DIRECTIONS FOR THIS TASK
Copy the entries out again in full.

RECORDS TO PROCESS
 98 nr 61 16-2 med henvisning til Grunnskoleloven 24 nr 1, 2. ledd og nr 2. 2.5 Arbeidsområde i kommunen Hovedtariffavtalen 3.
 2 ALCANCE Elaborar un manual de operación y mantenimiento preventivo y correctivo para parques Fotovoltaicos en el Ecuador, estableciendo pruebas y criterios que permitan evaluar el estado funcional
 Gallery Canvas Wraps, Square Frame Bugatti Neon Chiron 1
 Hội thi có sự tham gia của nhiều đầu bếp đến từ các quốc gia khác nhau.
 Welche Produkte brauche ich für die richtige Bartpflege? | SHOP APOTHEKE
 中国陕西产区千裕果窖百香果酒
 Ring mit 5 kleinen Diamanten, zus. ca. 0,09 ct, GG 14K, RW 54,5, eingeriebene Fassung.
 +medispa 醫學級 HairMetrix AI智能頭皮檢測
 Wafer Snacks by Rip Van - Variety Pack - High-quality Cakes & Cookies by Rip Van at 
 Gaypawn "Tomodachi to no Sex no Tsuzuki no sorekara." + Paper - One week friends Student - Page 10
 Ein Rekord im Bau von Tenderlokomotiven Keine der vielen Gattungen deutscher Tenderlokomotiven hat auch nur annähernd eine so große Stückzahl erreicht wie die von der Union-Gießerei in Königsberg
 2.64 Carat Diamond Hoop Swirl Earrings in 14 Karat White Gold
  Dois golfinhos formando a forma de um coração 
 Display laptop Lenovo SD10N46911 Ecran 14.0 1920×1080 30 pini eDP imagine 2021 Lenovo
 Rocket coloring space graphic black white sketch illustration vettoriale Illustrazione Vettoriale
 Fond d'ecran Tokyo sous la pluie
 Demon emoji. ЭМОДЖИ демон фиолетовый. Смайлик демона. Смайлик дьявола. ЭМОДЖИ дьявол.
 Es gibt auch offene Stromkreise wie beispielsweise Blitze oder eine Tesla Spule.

SOLUTION BELOW
 98 nr 61 16-2 med henvisning til Grunnskoleloven 24 nr 1, 2. ledd og nr 2. 2.5 Arbeidsområde i kommunen Hovedtariffavtalen 3.
 2 ALCANCE Elaborar un manual de operación y mantenimiento preventivo y correctivo para parques Fotovoltaicos en el Ecuador, estableciendo pruebas y criterios que permitan evaluar el estado funcional
 Gallery Canvas Wraps, Square Frame Bugatti Neon Chiron 1
 Hội thi có sự tham gia của nhiều đầu bếp đến từ các quốc gia khác nhau.
 Welche Produkte brauche ich für die richtige Bartpflege? | SHOP APOTHEKE
 中国陕西产区千裕果窖百香果酒
 Ring mit 5 kleinen Diamanten, zus. ca. 0,09 ct, GG 14K, RW 54,5, eingeriebene Fassung.
 +medispa 醫學級 HairMetrix AI智能頭皮檢測
 Wafer Snacks by Rip Van - Variety Pack - High-quality Cakes & Cookies by Rip Van at 
 Gaypawn "Tomodachi to no Sex no Tsuzuki no sorekara." + Paper - One week friends Student - Page 10
 Ein Rekord im Bau von Tenderlokomotiven Keine der vielen Gattungen deutscher Tenderlokomotiven hat auch nur annähernd eine so große Stückzahl erreicht wie die von der Union-Gießerei in Königsberg
 2.64 Carat Diamond Hoop Swirl Earrings in 14 Karat White Gold
  Dois golfinhos formando a forma de um coração 
 Display laptop Lenovo SD10N46911 Ecran 14.0 1920×1080 30 pini eDP imagine 2021 Lenovo
 Rocket coloring space graphic black white sketch illustration vettoriale Illustrazione Vettoriale
 Fond d'ecran Tokyo sous la pluie
 Demon emoji. ЭМОДЖИ демон фиолетовый. Смайлик демона. Смайлик дьявола. ЭМОДЖИ дьявол.
 Es gibt auch offene Stromkreise wie beispielsweise Blitze oder eine Tesla Spule.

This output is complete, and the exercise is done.